Records for the task –
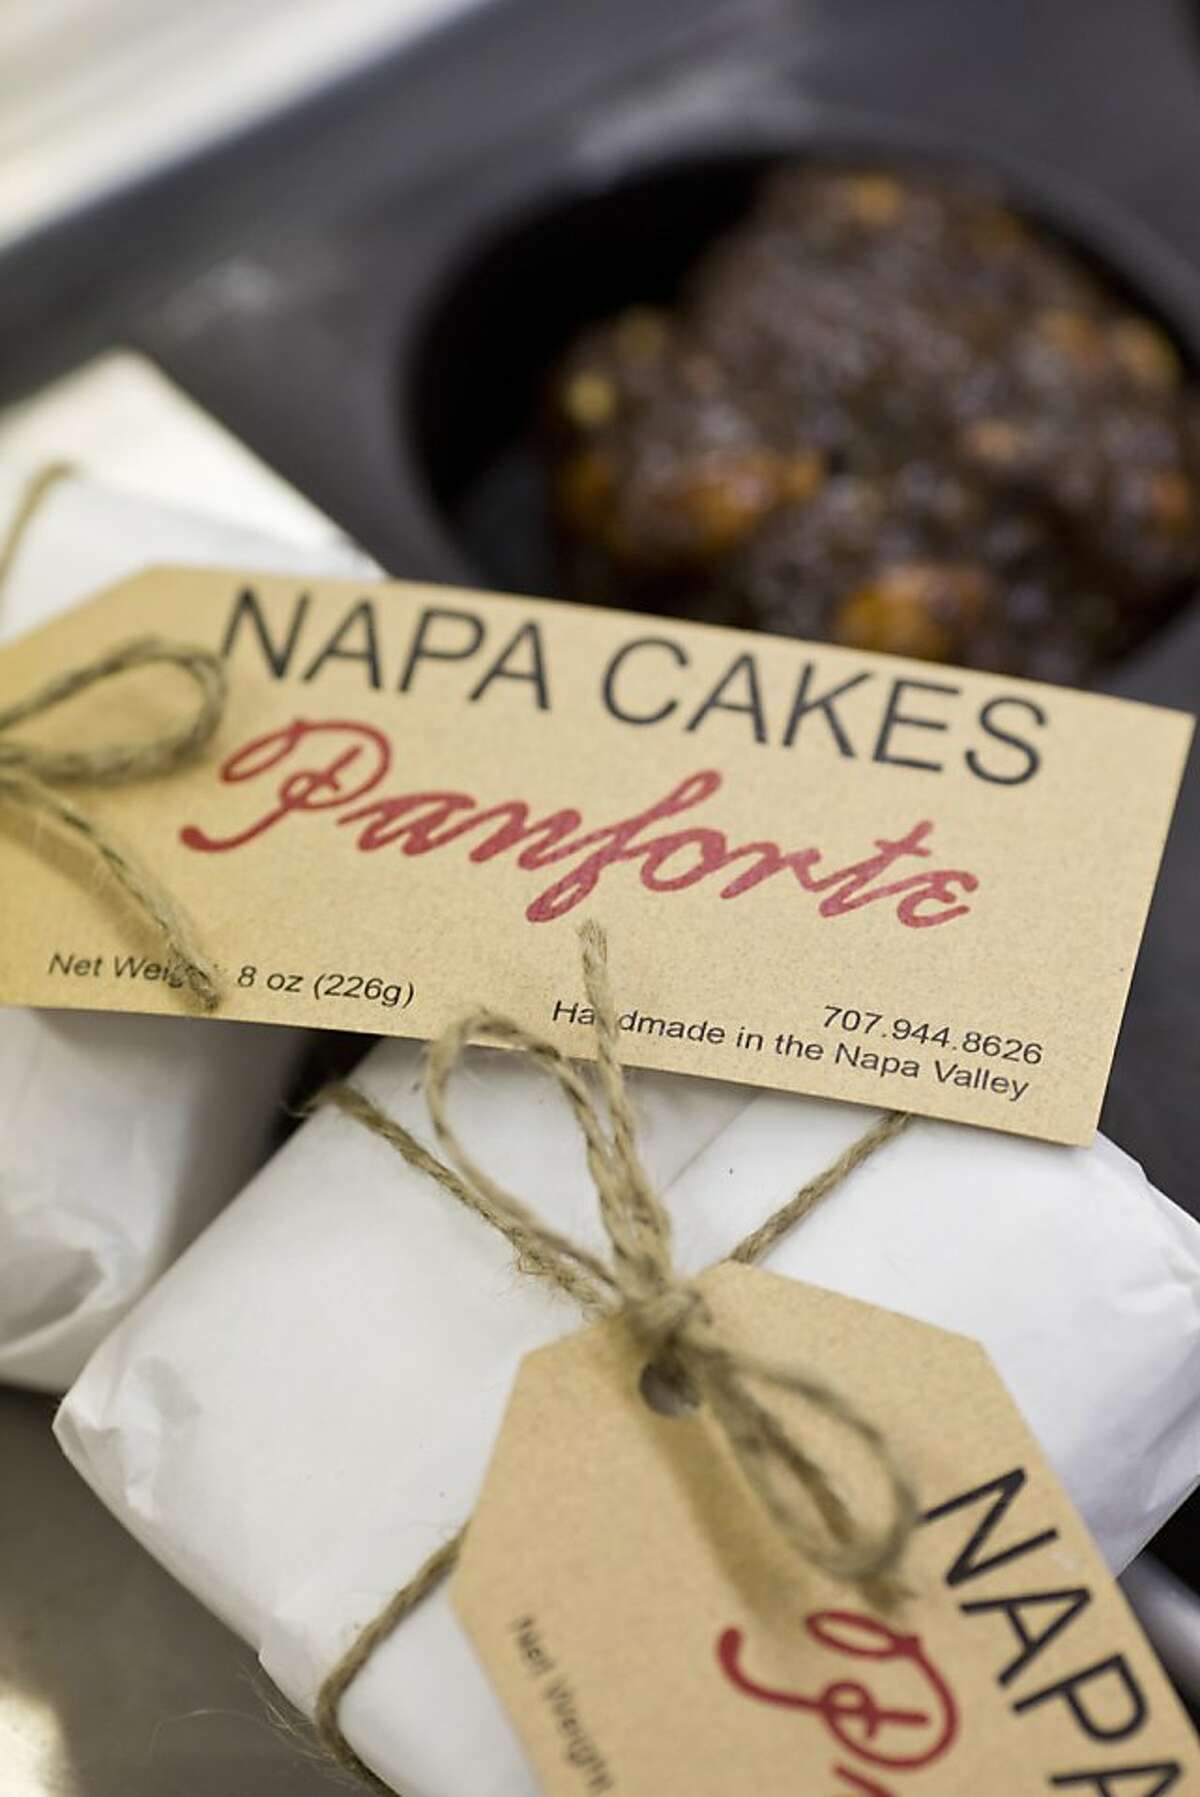 Napa Cakes Panforte, made by hand by Marjorie Caldwell, are available in stores like Bi-Rite markets and other boutique stores in Napa, Calif., Friday, October 4, 2013.
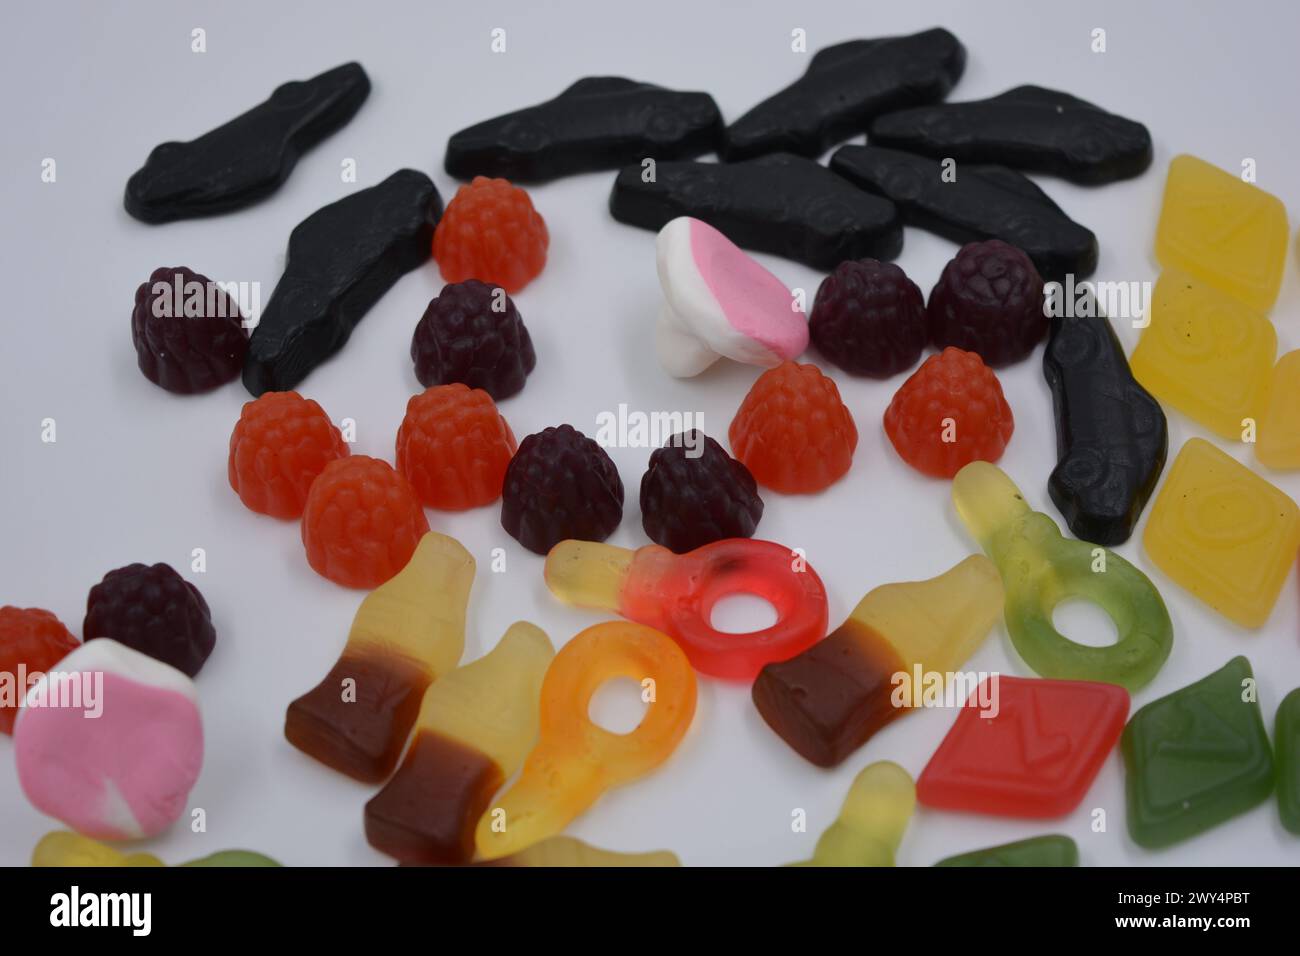 Candies in the form of a black car, raspberries, blackberries, cola bottles, colored keys, diamonds with the alphabet. Stock Photo
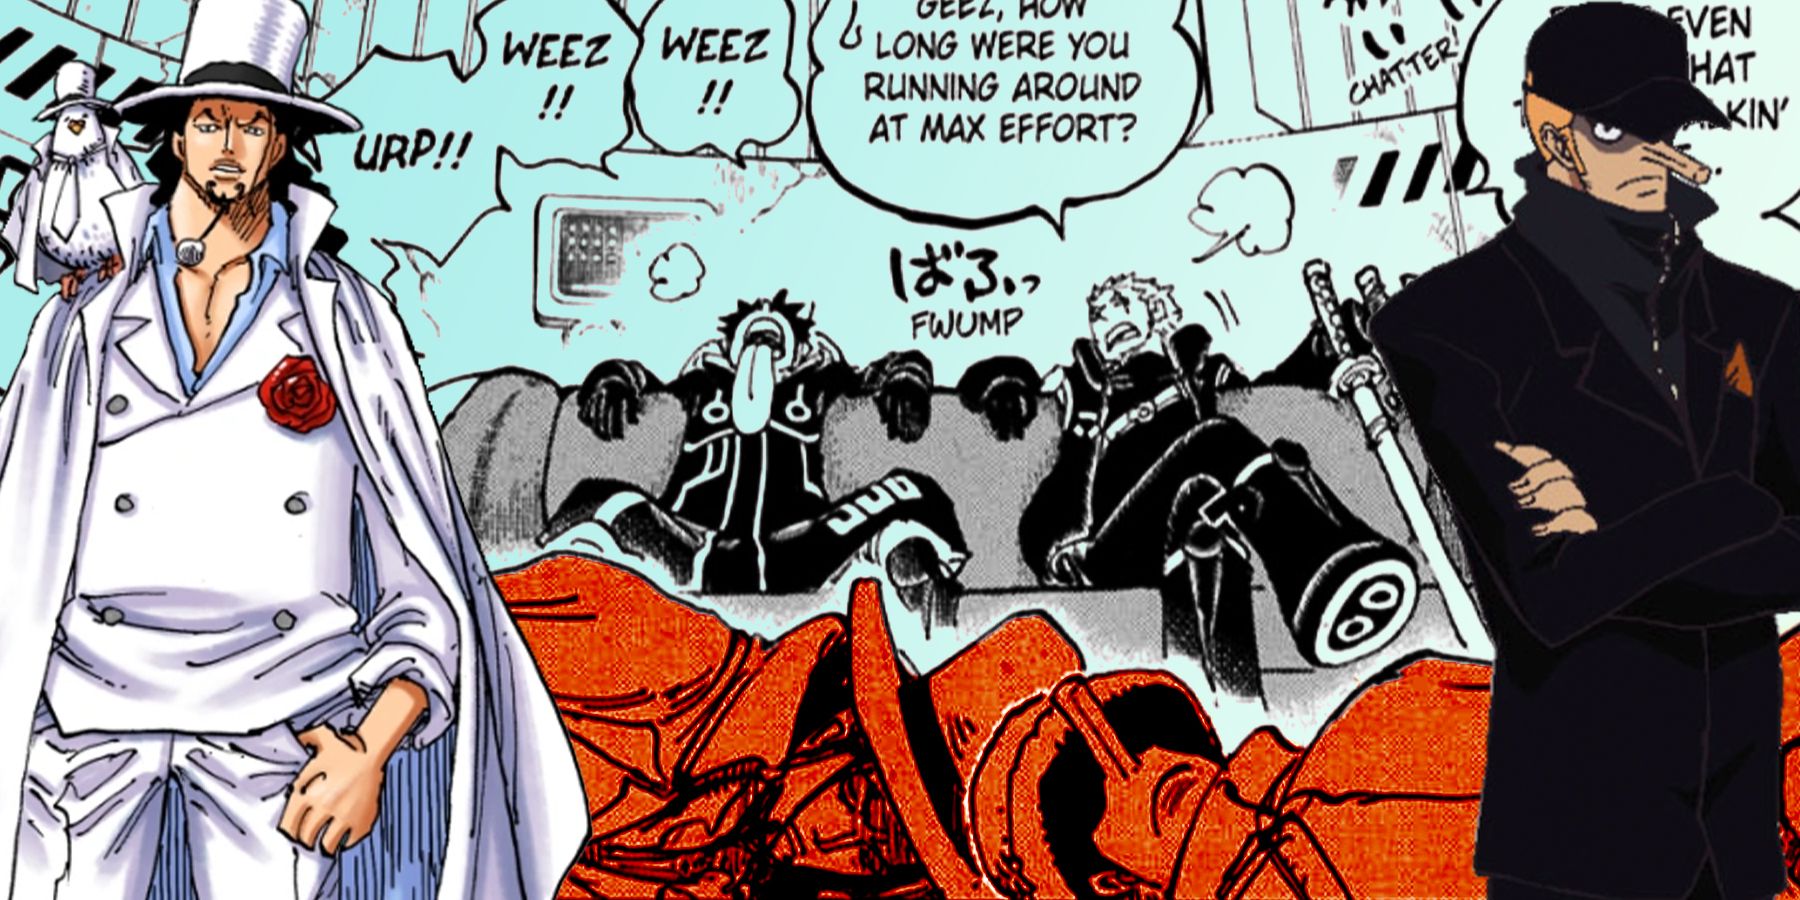 One Piece Theory: Lucci and Kaku Aren’t Really Out Cold
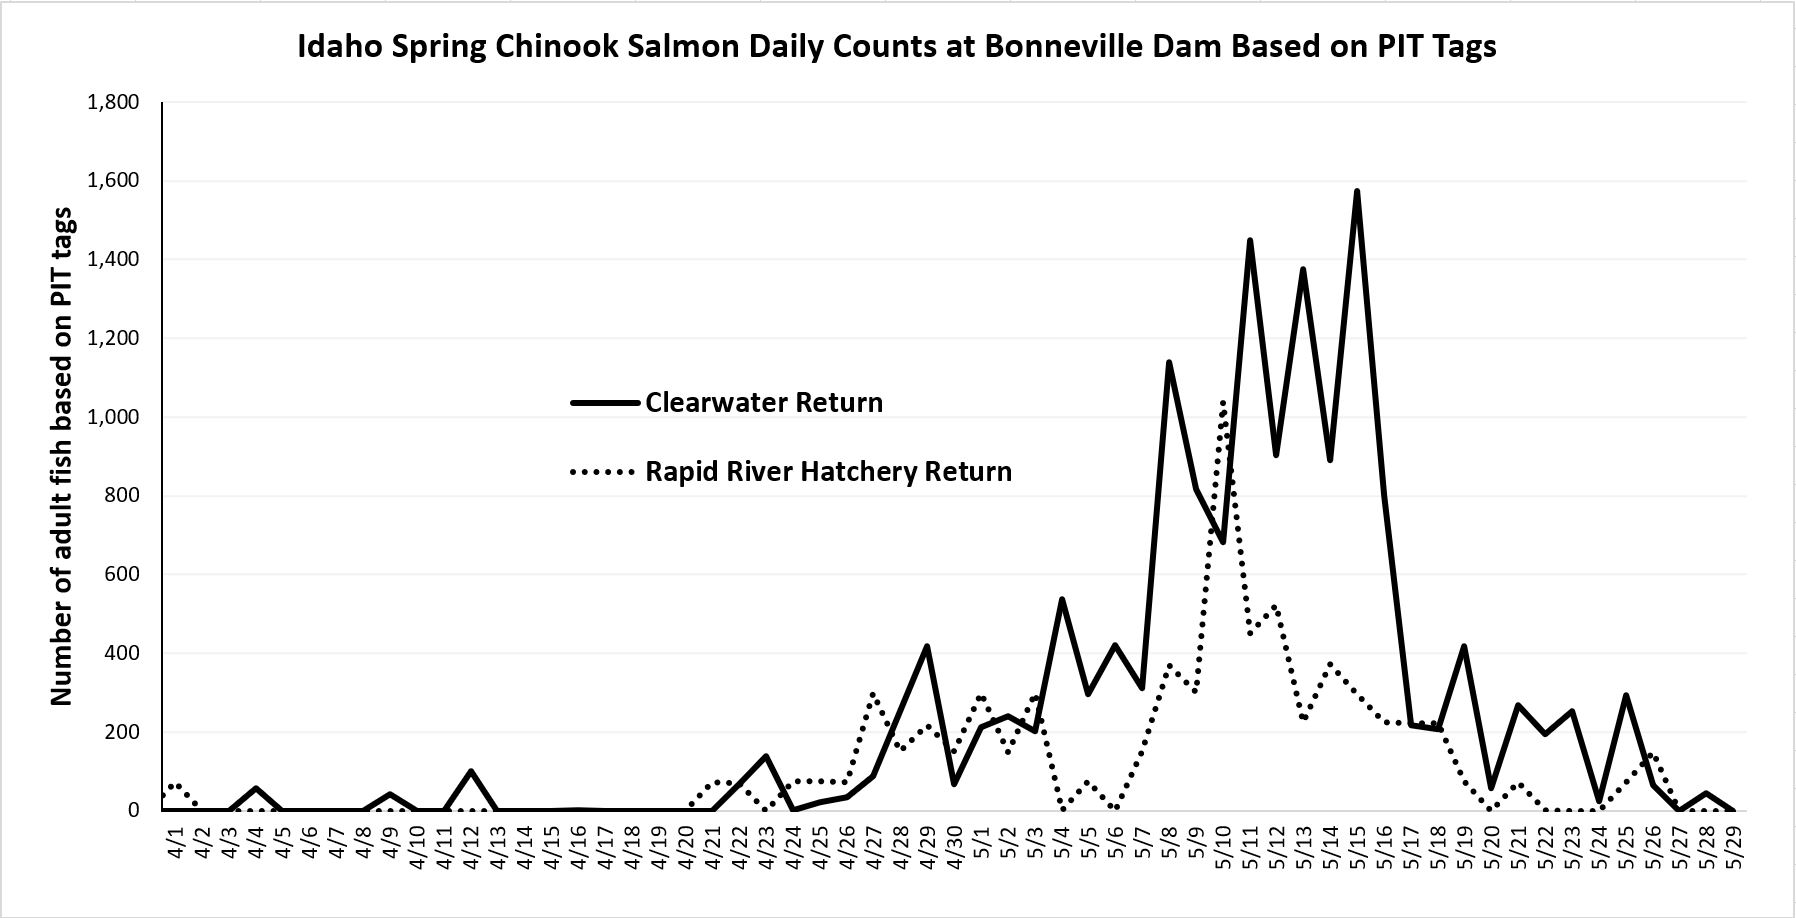 daily chinook counts at bonneville based on PIT tags 3-29-30
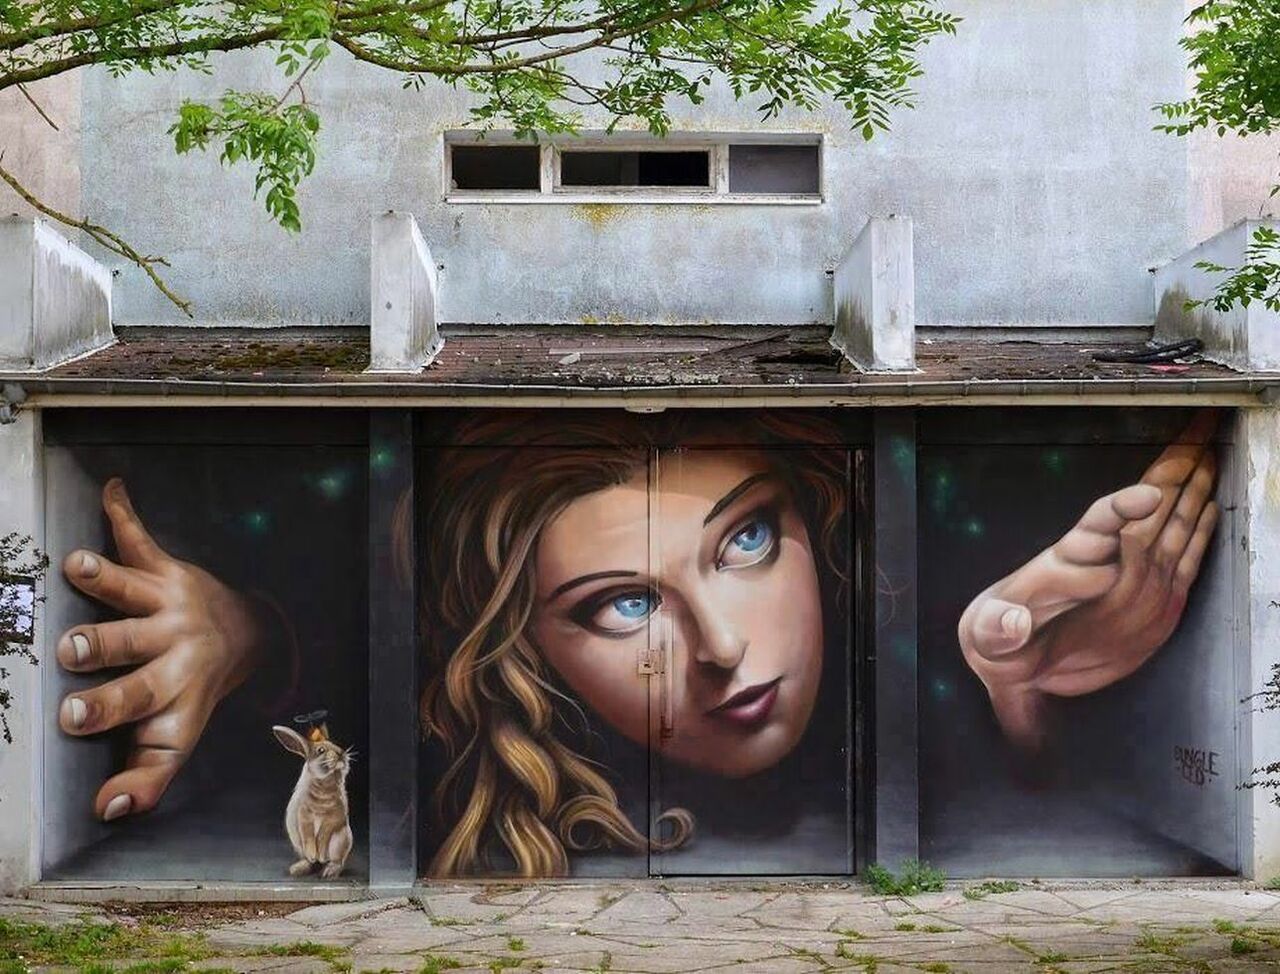 #StreetArtSaturday #3D #Streetart of a blue eyed girl and a rabbit (Alice?) by Bingle. https://t.co/mUhc8Q5fH2

Required work –
Starting at the line that contains "daily chinook counts" and ending at the final line of the data, reproduce each line exactly. Pictures stay out of the copy.

Finished exercise –
 daily chinook counts at bonneville based on PIT tags 3-29-30
 #StreetArtSaturday #3D #Streetart of a blue eyed girl and a rabbit (Alice?) by Bingle. https://t.co/mUhc8Q5fH2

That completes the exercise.